Upon incorporating dynamic covalent bonds into surfactant molecular architectures, combinatorial libraries of versatile surfactants with varied functionalities can be readily obtained through a very simple, handy, and cost-effective strategy with minimum, or even without any, effort in organic synthesis, which is a challenging task for those who are not synthetic chemists by training. Indeed, the multidisciplinary research field of dynamic covalent surfactant (DCS) is now emerging, arousing interest from a range of areas, including surfactant and colloid science, supramolecular chemistry, self-assembly, smart materials, drug delivery, and nanotechnology.

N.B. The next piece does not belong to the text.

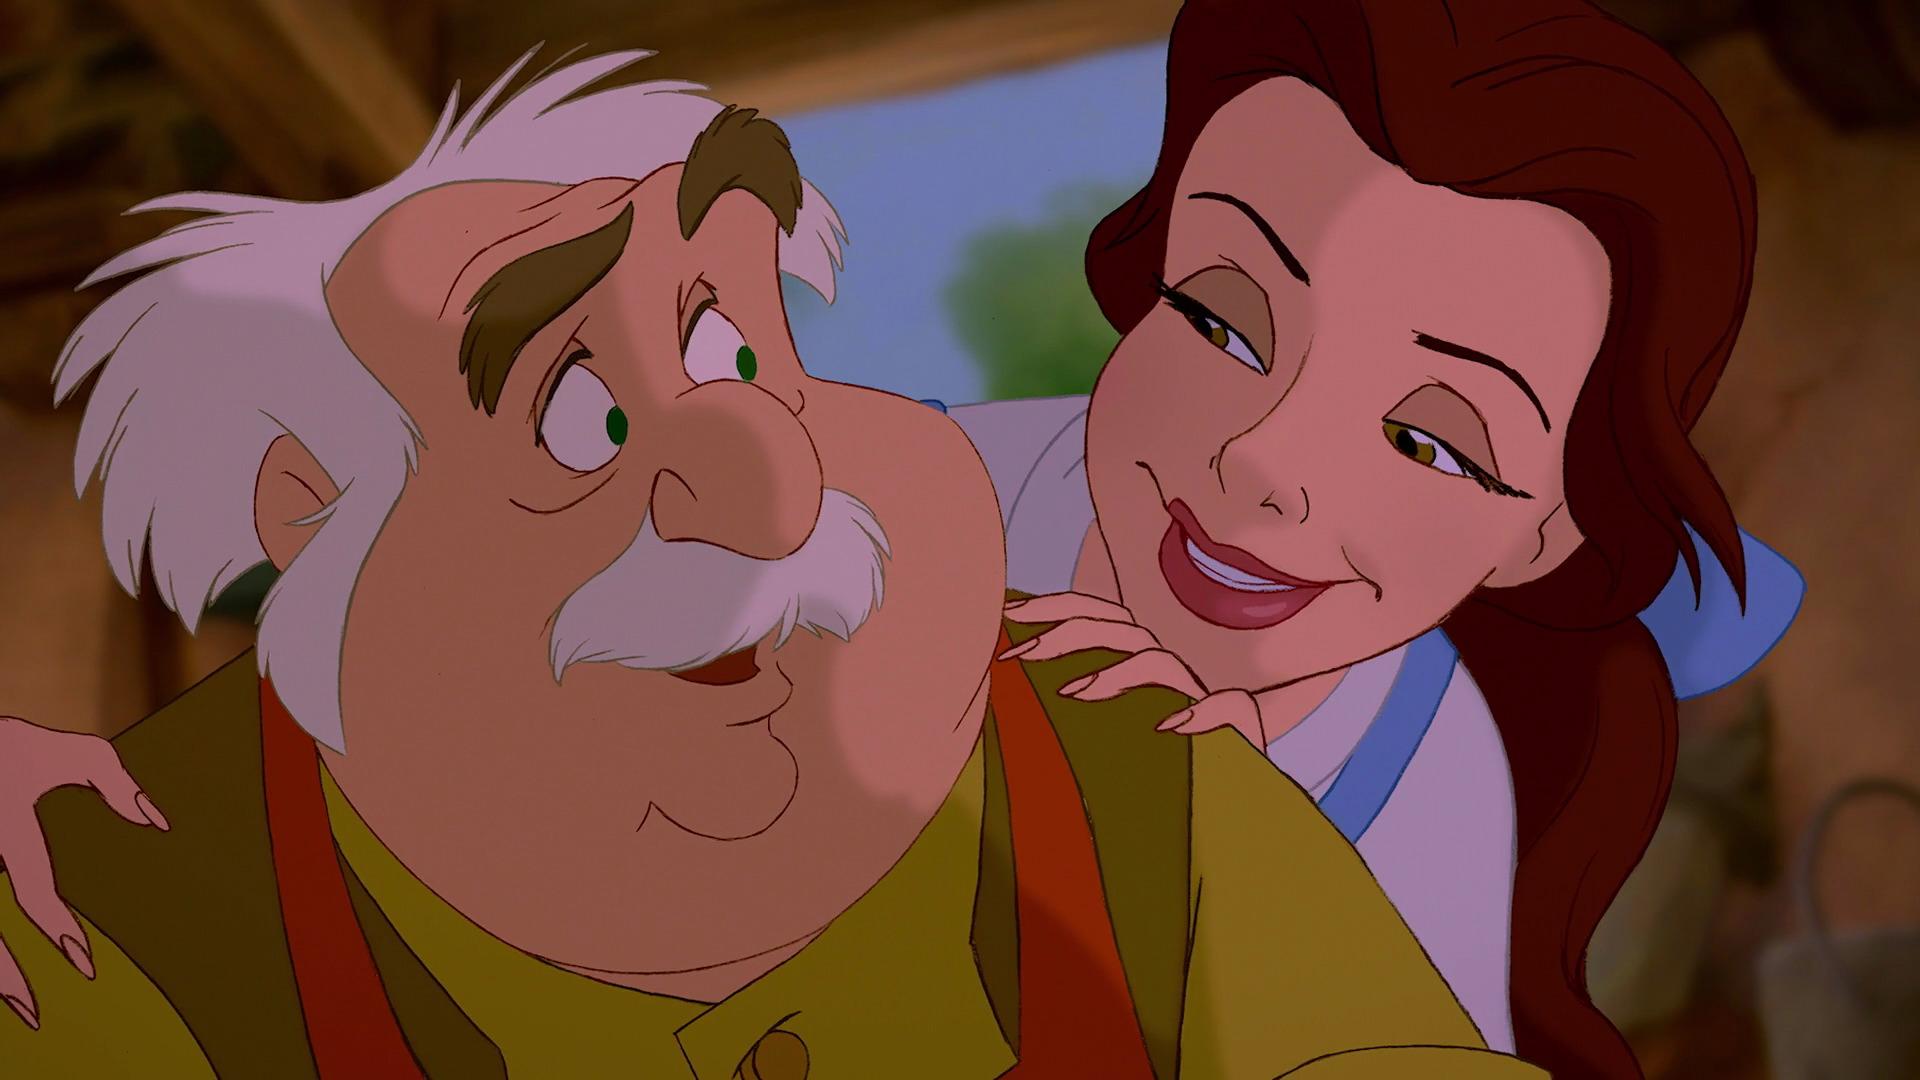 Belle/Relationships

In addition to reducing the burden required to synthesize surfactants, the incorporation of dynamic covalent chemistry into surfactants is revolutionizing the field by imparting them with unprecedented responsiveness to changes in the surrounding environment, a route towards elaborate materials with on-demand functionalities. DCS design relies on tailoring two precursors to react into thermodynamically stable structures with desired properties (such as the hydrophilic-lipophilic balance (HLB) and “critical stacking” parameter (p)) under specific environmental conditions. These smart surfactants, like traditional ones, can form specific-shaped micelles or stabilize emulsions on demand. What sets them apart is their remarkable reversibility and responsiveness to external stimuli like pH, temperature, or chemical triggers. Upon environmental shifts, they readily revert to their precursor state, allowing disassembly/reassembly into different micelle shapes or resulting in emulsion breakdown (Scheme 1). This dynamic behavior enables the manipulation of the system at will by simply tuning the environment, instead of being confined to the static functionality of traditional surfactants. “Smart” materials, which dynamically alter their structures and functionalities based on environmental stimuli, especially those capable of switching between an ‘on’ and ‘off’ state, are indeed a highly topical research field [1]. The ability of DCS to dynamically adapt ensures efficient performance, stability, and tunability—making them ideal building blocks for smart materials, drug delivery systems, and other cutting-edge technologies. Dynamic covalent chemistry is thus paving the way for the design of highly advanced surfactants which can meet the evolving demands of modern applications.